The city is correct in that the state law, the Growth Management Act, is complicated and has many requirements. But there is nothing about the citizens' ideas that automatically violates that law.

Maybe, over time, holding elections will prove to be too cumbersome. Indeed, maybe it is a flat-out lousy idea. Maybe the city will fail, in the long run, to meet all the law's requirements.

But none of that takes away citizens' right to try it - if that's what they want.

The St. Pete Beach fight is another example of government attempting to block a citizen petition to change the structure of that government. The same issue recently came up at the state level, where our state House is spending tax dollars to fight a citizen petition on how our voting districts are drawn.

My own prejudice has always been that the government's job is obey the Constitution (or in a city's case, the city charter) as it is enacted by the citizens and not to try to tell those citizens how to enact it.

* * *

Friends on both sides of this fight will accuse me of leaving out many important points. These points boil down to (1) whether the citizens' ideas are bad, and (2) why I don't realize that somebody else in town is a no-good, lying so-and-so.

As to (1), there is no sense debating the ideas until the judge rules on holding the election. They are separate matters. No election, nothing to debate.
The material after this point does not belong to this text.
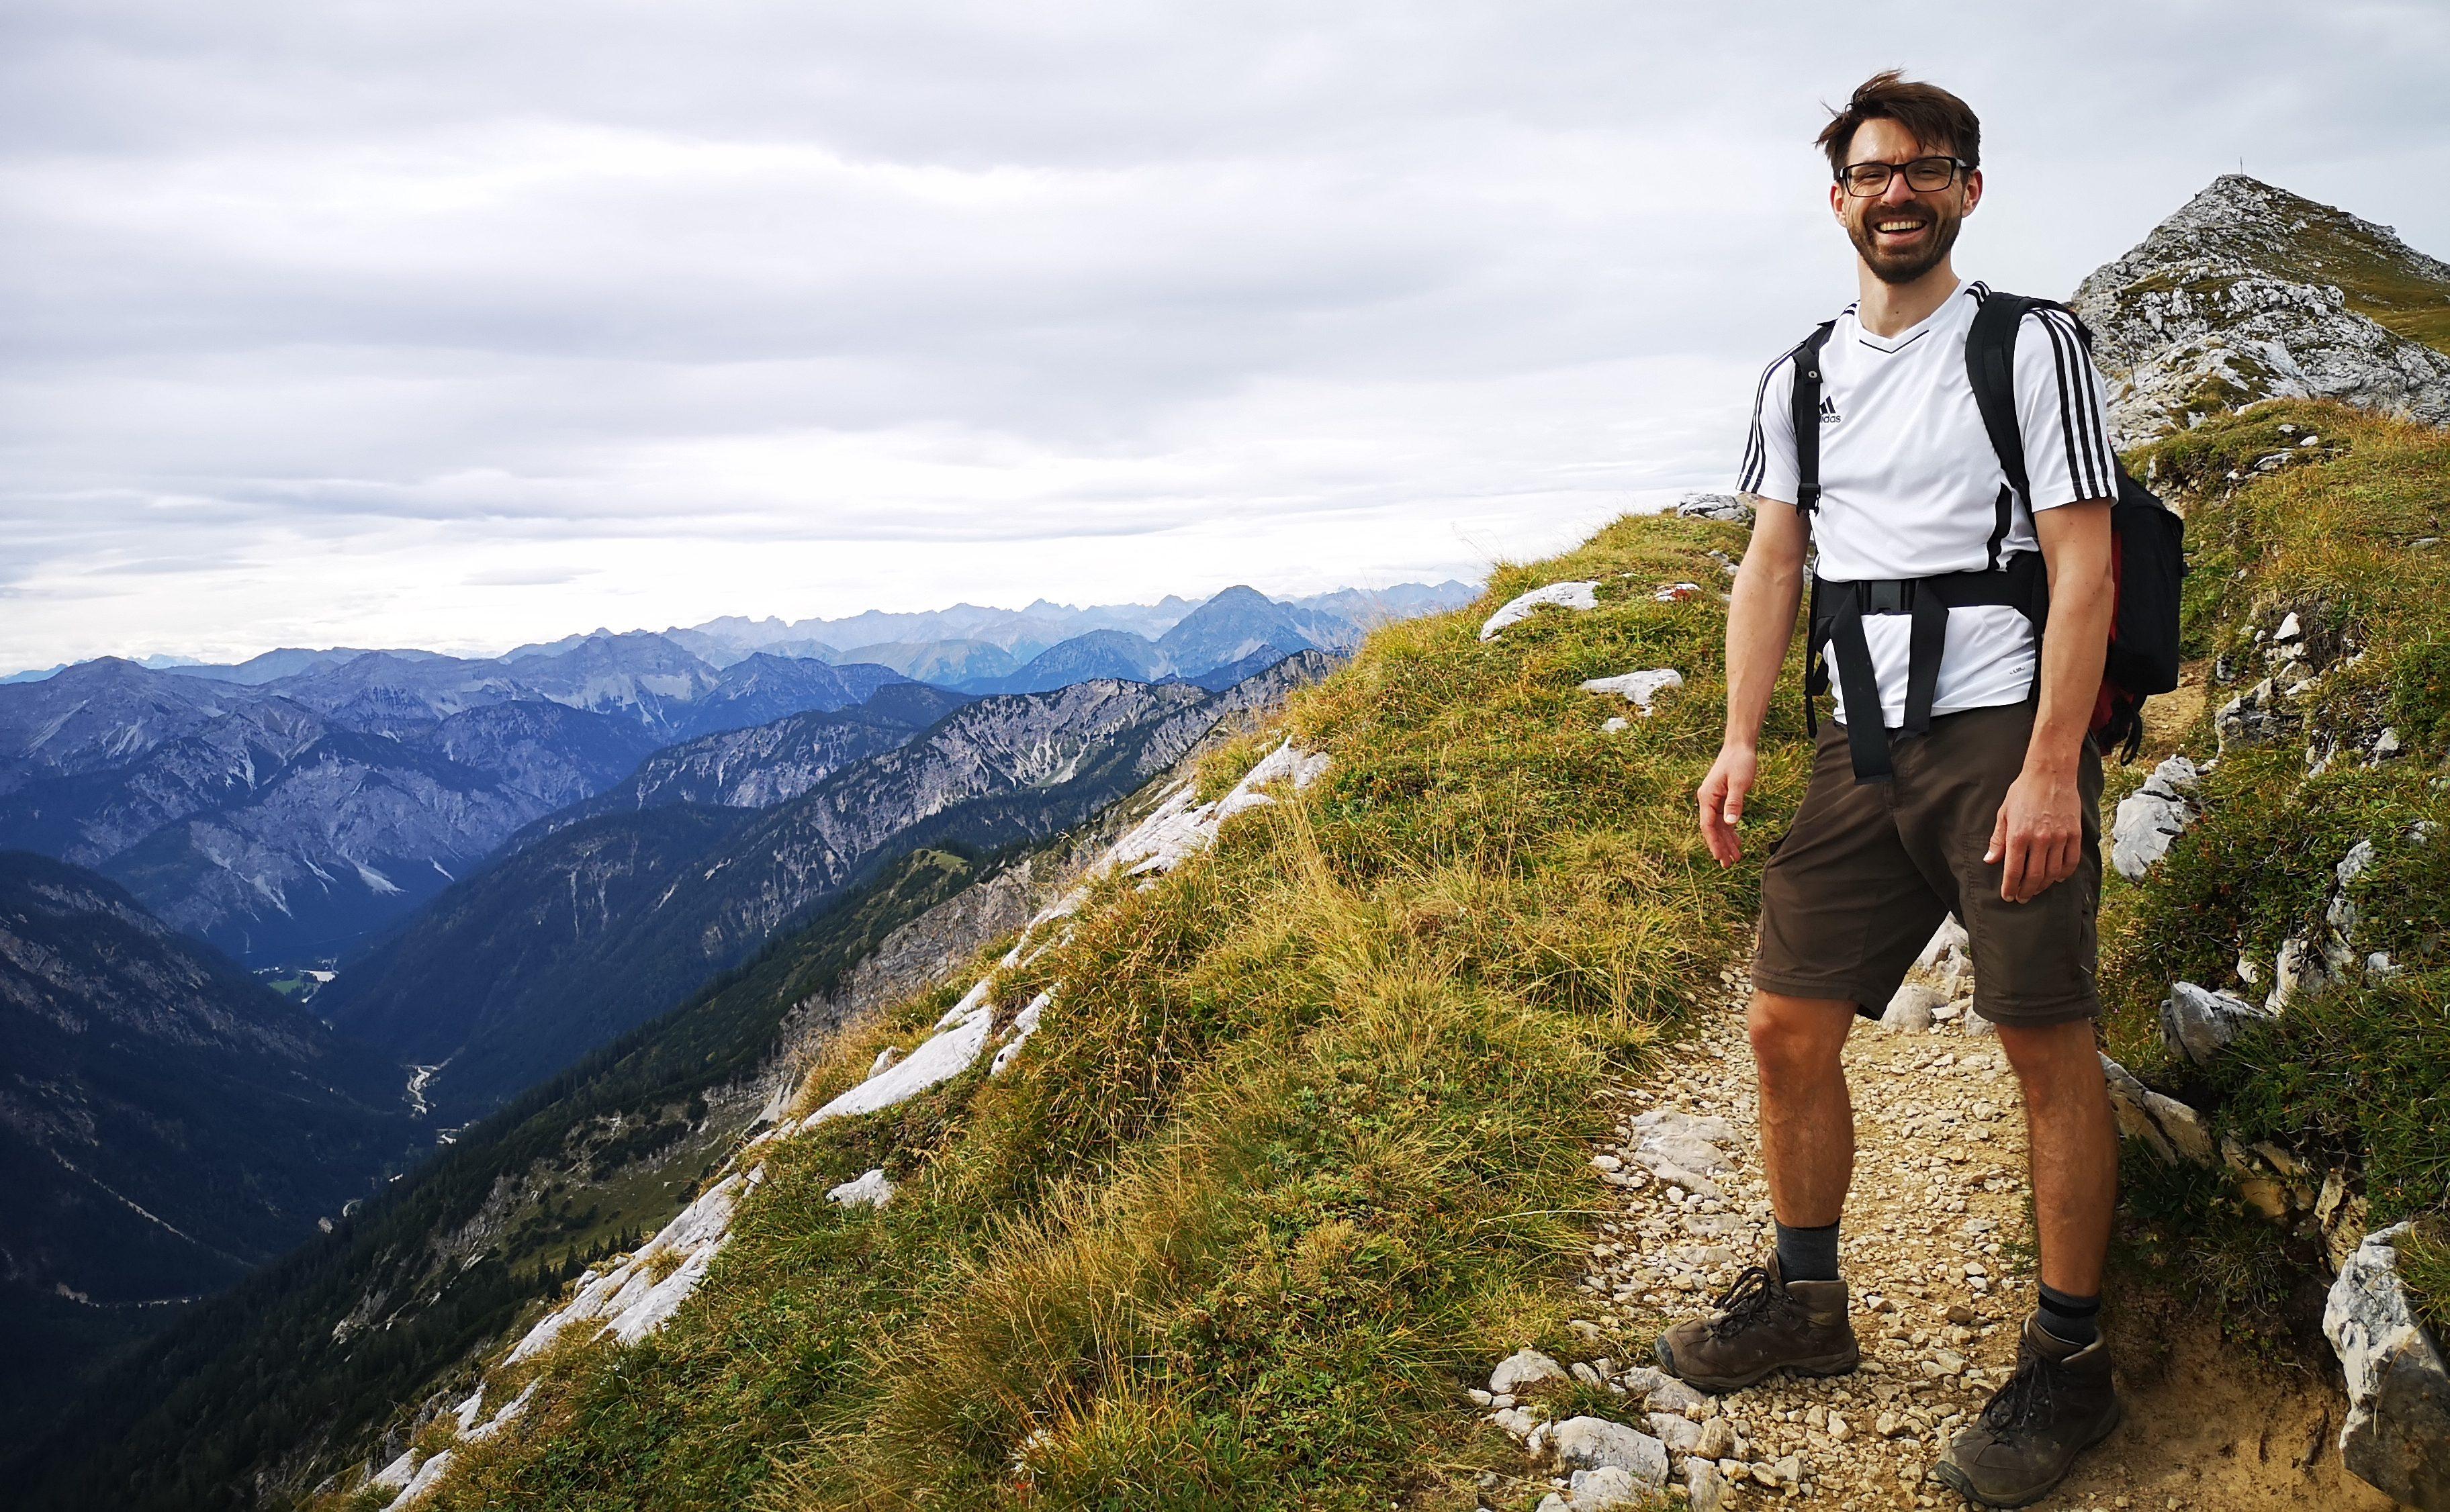 About Sebastian Engel Wolf
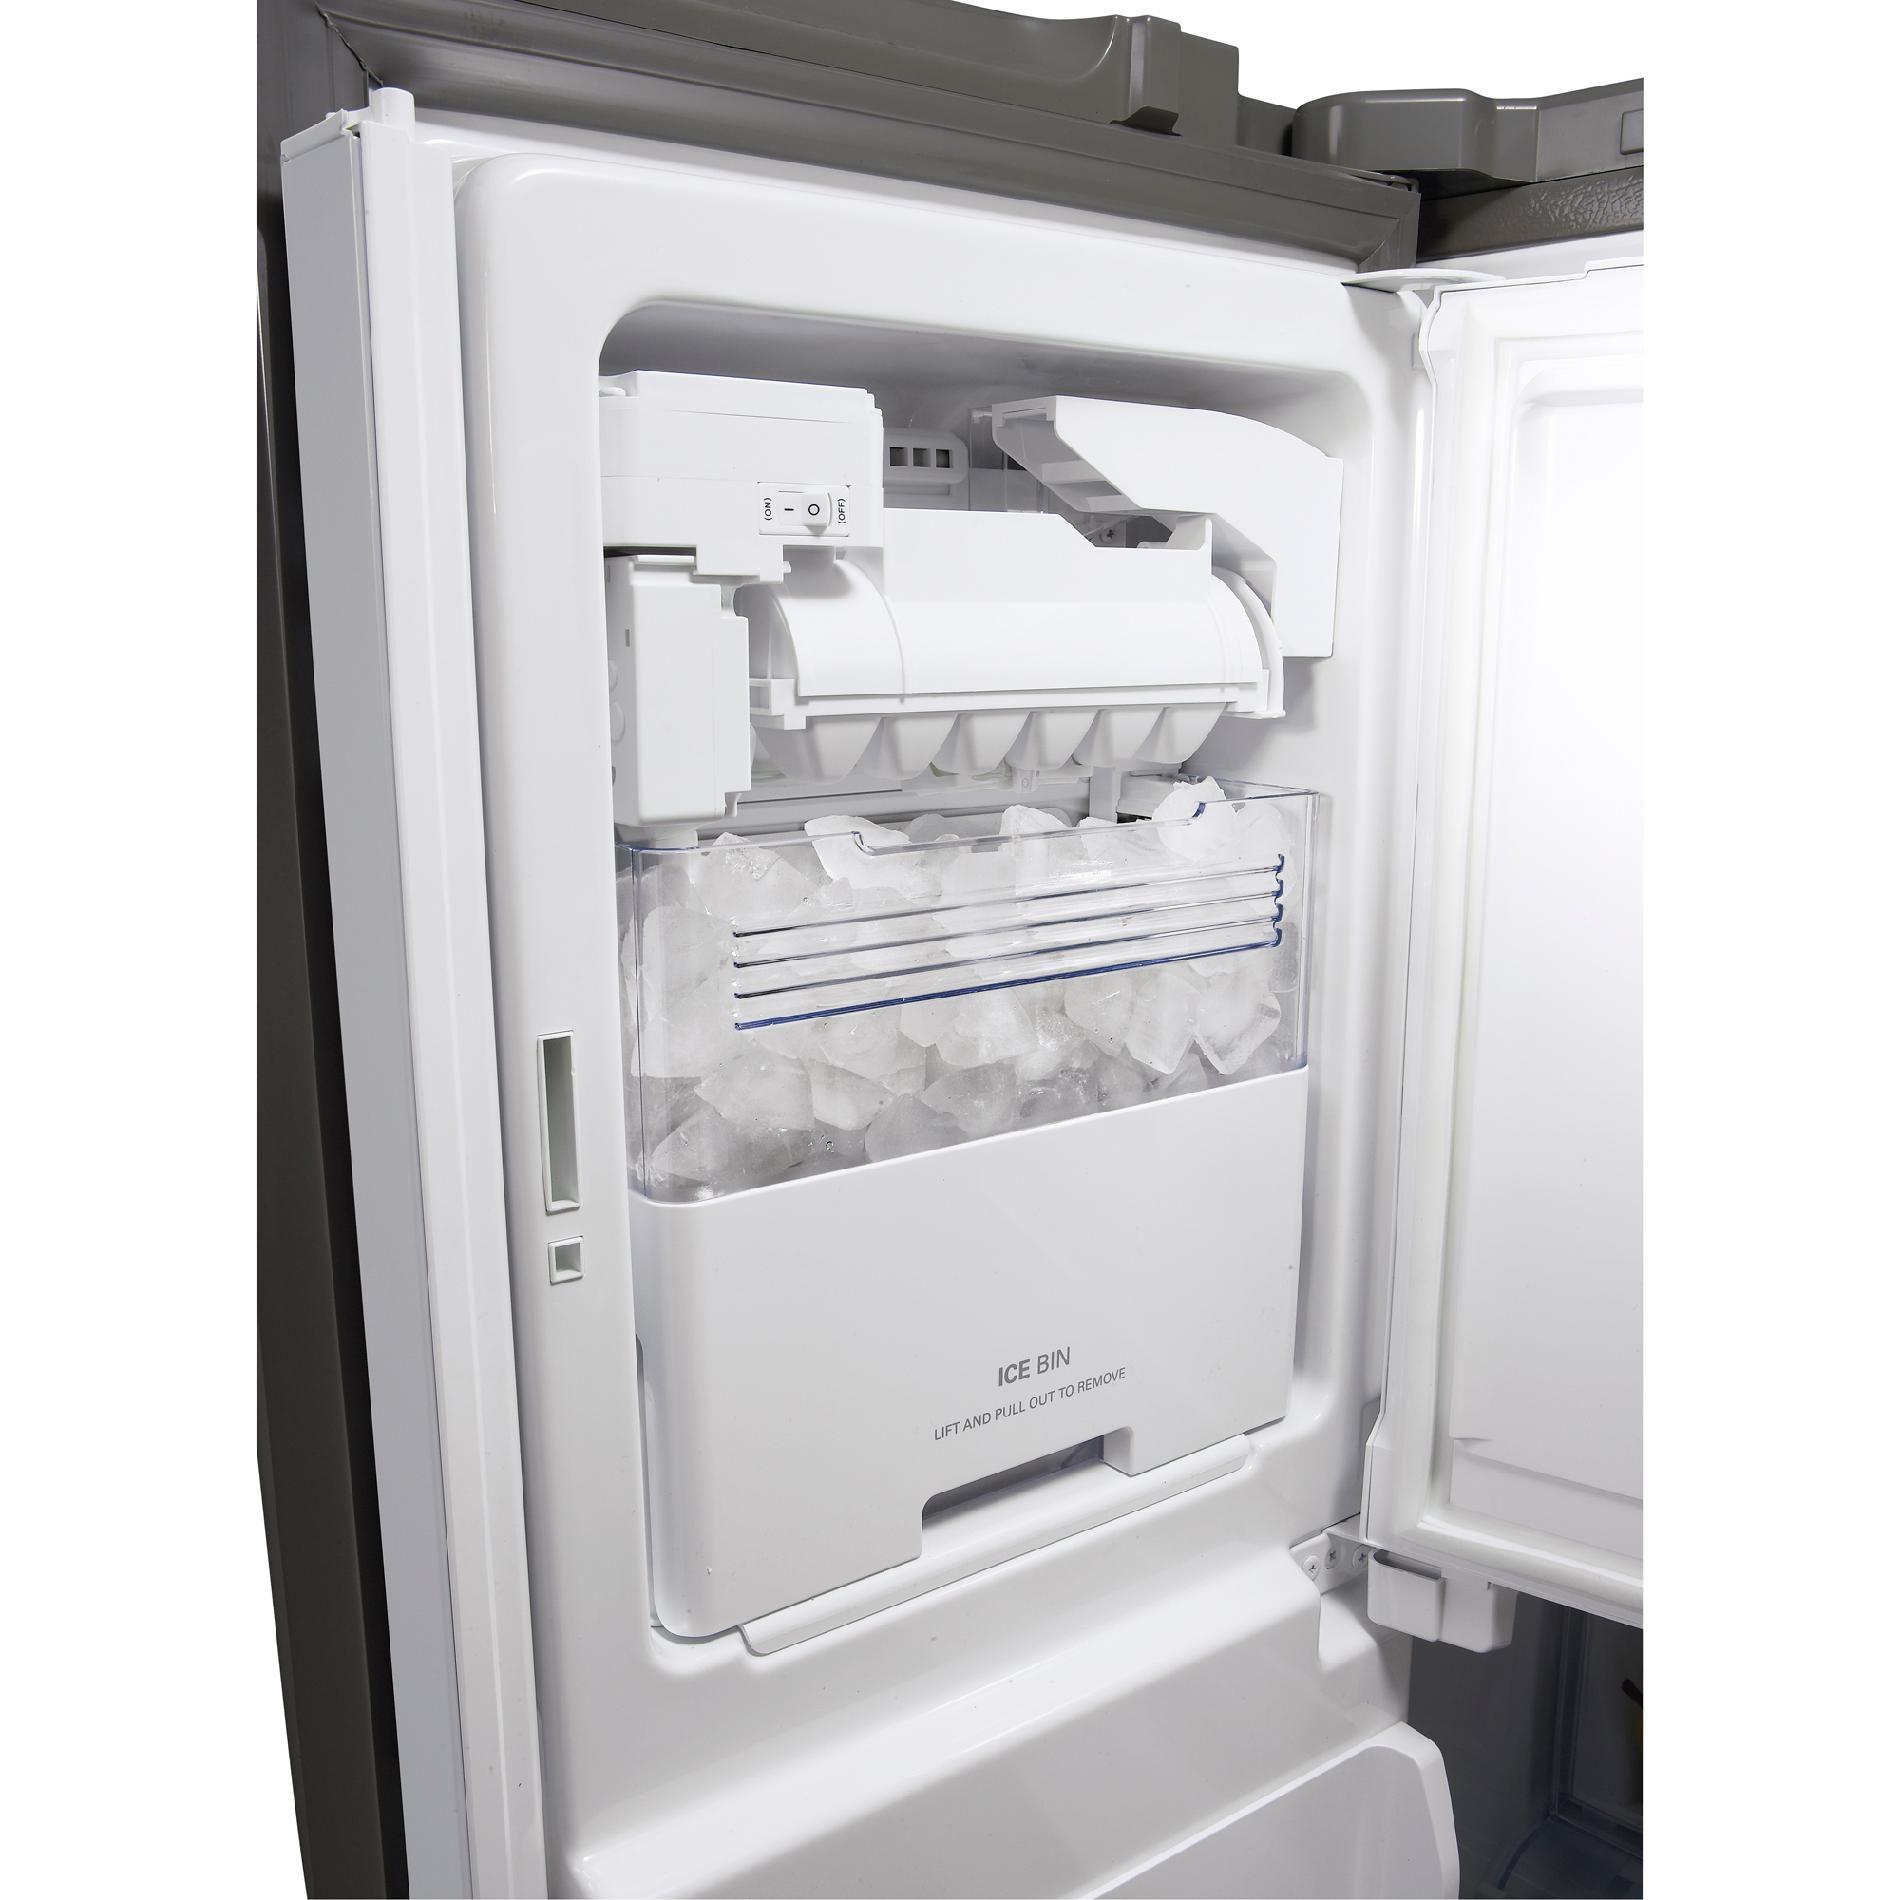 LG 24.7 cu. ft. French-Door Bottom-Freezer Refrigerator - Stainless Steel

As to (2), about who is the biggest liar, and who is in cahoots with whom, I do not care in the slightest.

Some of my friends on the side of City Hall ask, in frustration: Are we really supposed to have an election every time some bunch of malcontents gathers a few petition signatures?

The answer is, well, yes. That's what your city charter says. If the city charter is too generous in that regard, it can always be changed by an election. Maybe you could get up a petition to try it.